Over the last decade, several outbreaks have exposed major limitations in healthcare systems around the globe [1]. These outbreaks are characterized by the sudden emergence of an infectious and virulent respiratory pathogen that has the potential to spread rapidly around the world. Severe acute respiratory syndrome (SARS) in 2003, influenza A (H1N1) in 2009, and more recently the emergence of avian influenza A (H7N9) in China and novel coronavirus (e.g., Middle East respiratory syndrome coronavirus (MERS-CoV) have been the major threats to healthcare on a global scale [2]. The World Health Organization (WHO) recommended an increase in the surveillance of respiratory outbreaks and coined the severe acute respiratory infection (SARI) concept for surveillance purposes as well as to help the development of adequate sentinel programs [3]. The SARI definition encompassed a wide array of features including (1) recent onset of respiratory illness (within 10 days) (2) clinical signs and symptoms (fever, cough, and dyspnea), and (3) need for overnight hospitalization.

SARI concept

The imperative to plan for and respond to SARI in the future has been encouraging to provide guidance for public health professionals to both prepare for and respond to known and emerging respiratory pathogens. In this sense, the European Society of Intensive Care Medicine (ESICM) conducted a multicenter, multinational, observational study called The Intensive Care Global Study on Severe Acute Respiratory Infection (IC-GLOSSARI) in order to determine the incidence of SARI in intensive care units (ICU) around the globe. The main finding of this study was that among the patients admitted during the study periods, one out of ten had SARI. The present study has shown that the SARI concept needs to be tailored to account for both regional and seasonal variation.
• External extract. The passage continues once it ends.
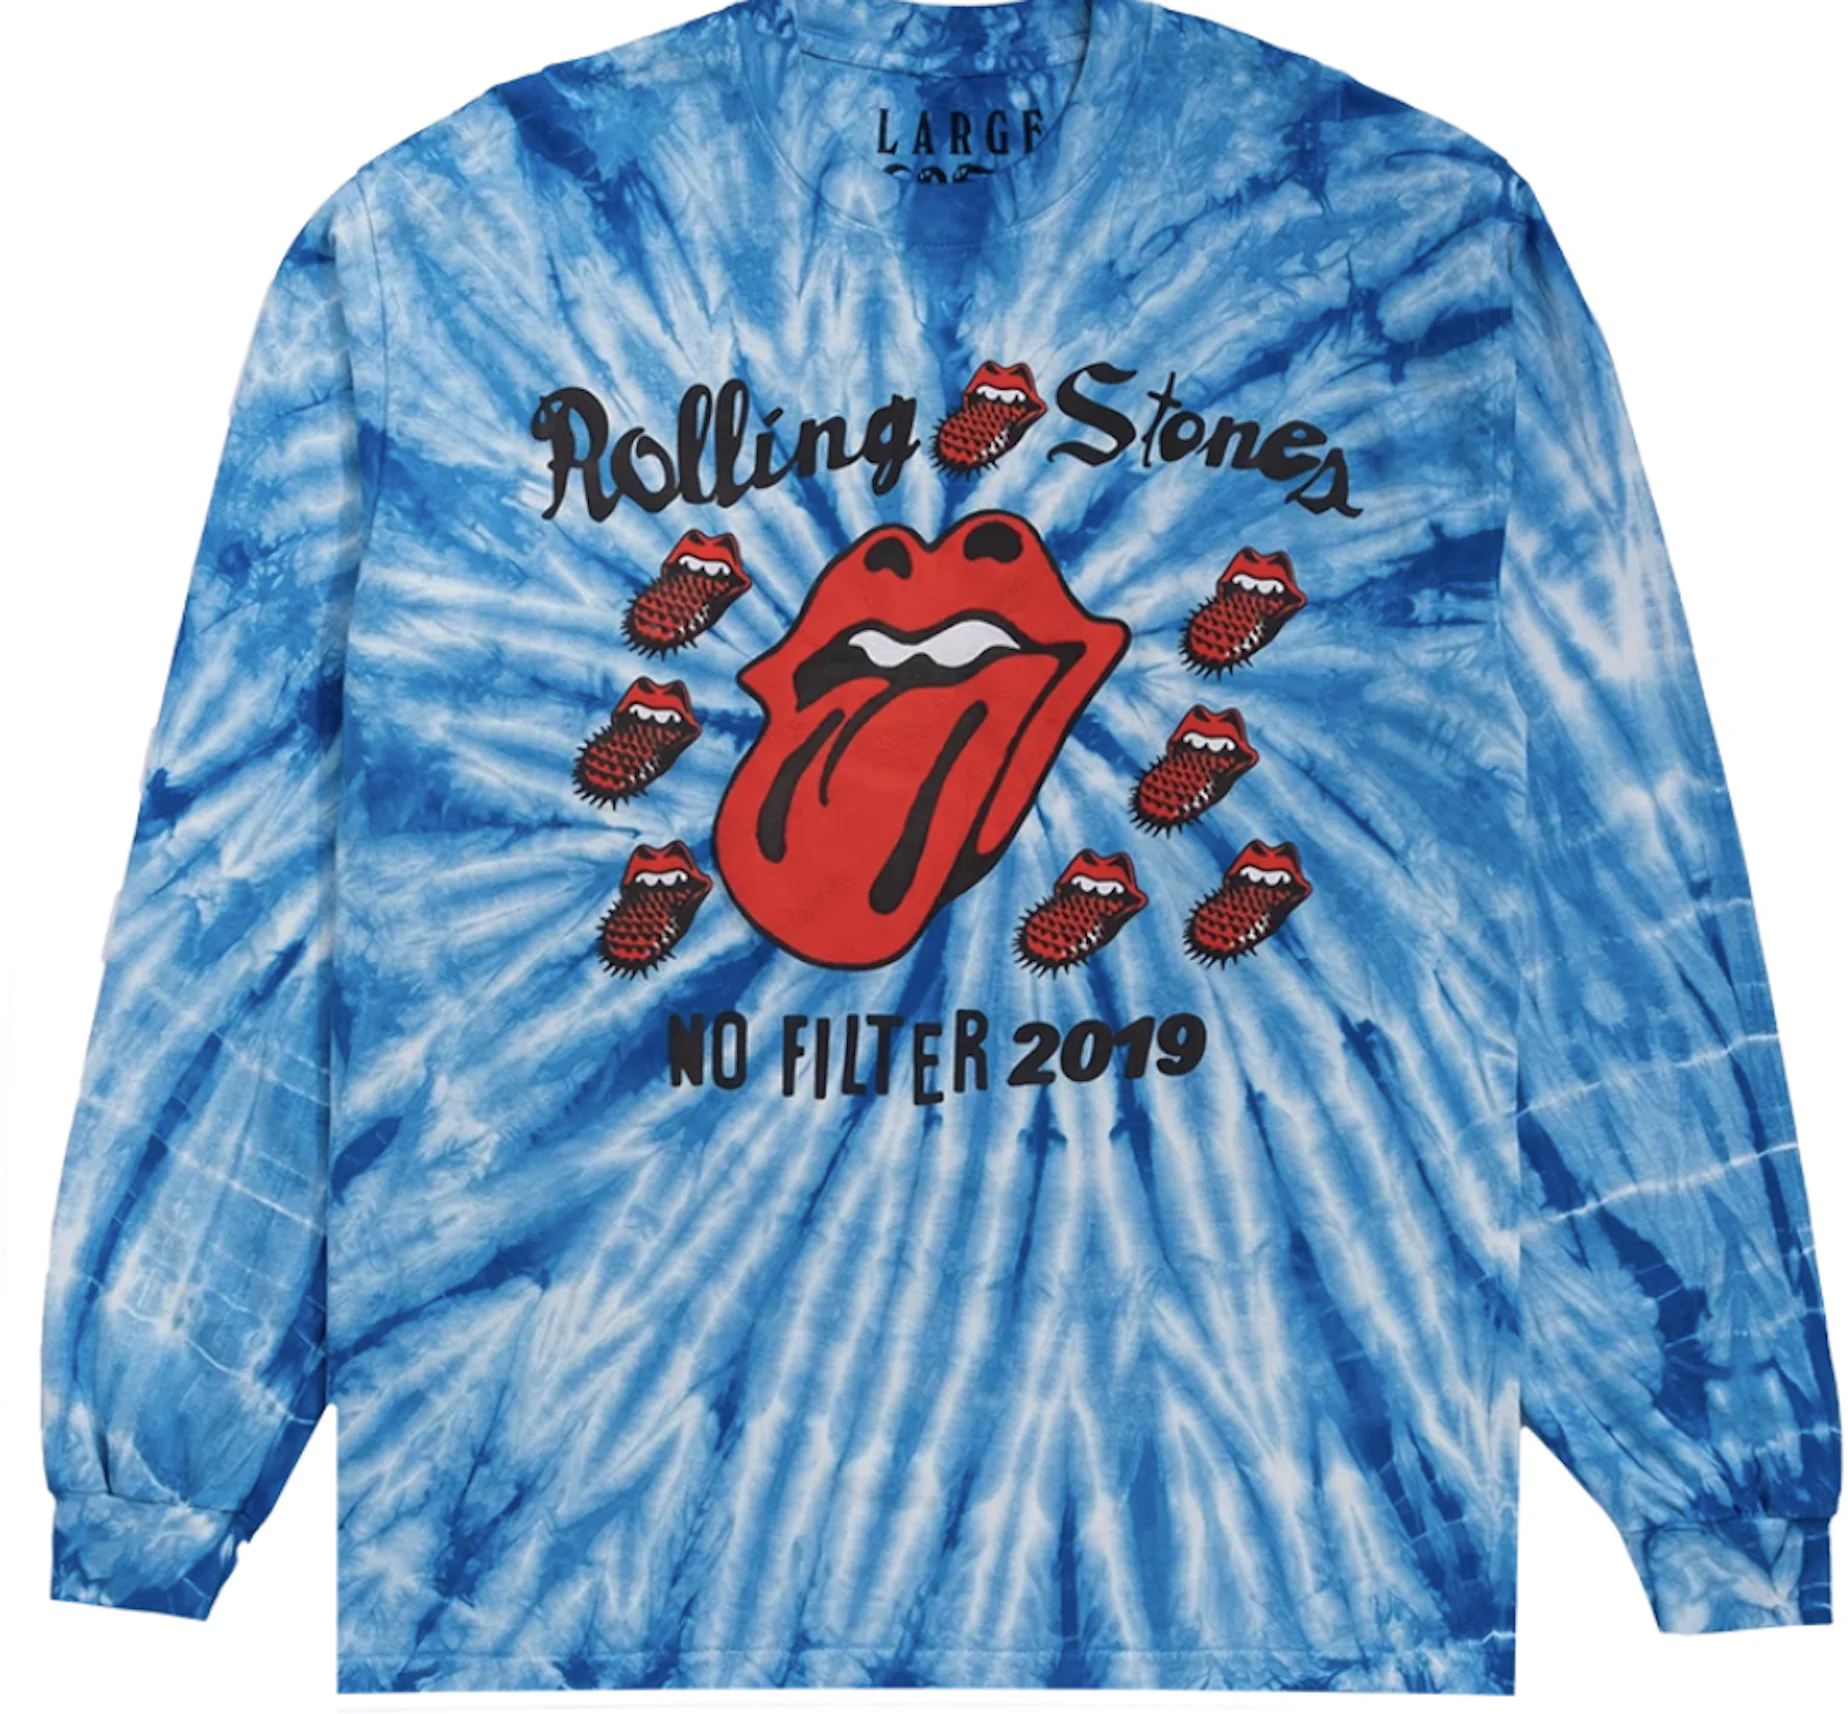 Cactus Plant Flea Market Rolling Stones No Filter Tour L/S T-Shirt Multi
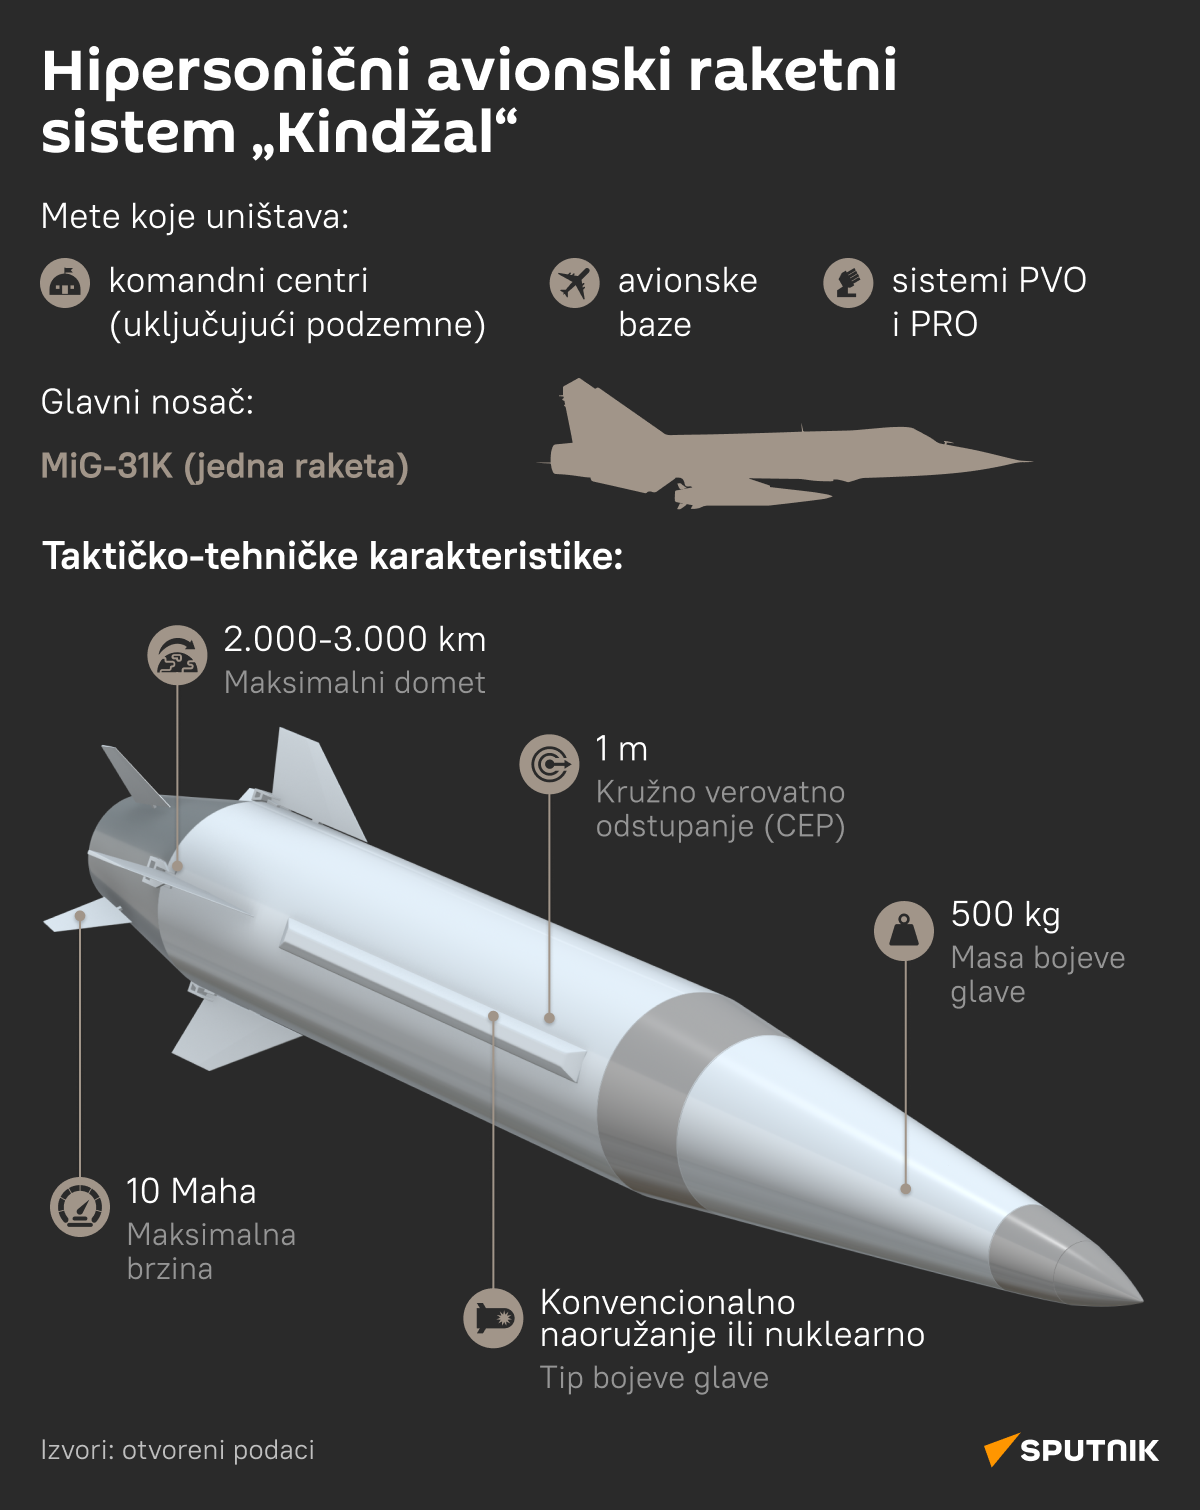 INFOGRAFIKA   raketni sistem Kindžal LAT desk - Sputnik Srbija

Accordingly the concept of an influenza-like illness (ILI), rather than SARI, may be adopted to characterize seasonal influenza or any respiratory pathogen with the potential to cause outbreaks and epidemics. Incorporating this concept of ILI into future epidemiologic studies might shed light on the burden of such outbreaks. To better report the incidence of respiratory infections, the authors adapted the International Sepsis Forum (ISF) definitions for categorizing SARI as community, healthcare related and hospital acquired. However as the majority of study patients were admitted to European ICUs with community-acquired SARI this study predominantly reflects the burden of respiratory disease in Europe. This study uniquely reported SARI with a 7-day onset of illness in contrast to the accepted SARI definition of 10 days [3]. Furthermore the study was performed in late autumn and winter, which is the peak season for community-acquired pneumonia (CAP) with Streptococcus pneumoniae [4]. However other pathogens are more prevalent in warm seasons, when the incidence of Legionella pneumoniae is known to correlate with increased humidity and rainfall and may have been under-represented in this study [5]. With this seasonal factor in mind it is notable that the recent influenza A (H1N1) pandemic which occurred in the spring and summer 2009 would not have been captured by this study [6]. Interestingly the low rate of viral illness reported in this study (7.7–13.7 %) is not in keeping with the reported seasonality of viral respiratory illness while the rate of fungal infections, almost 1/3 of ICU patients, is highly unexpected [7]. Both these observations will require confirmation.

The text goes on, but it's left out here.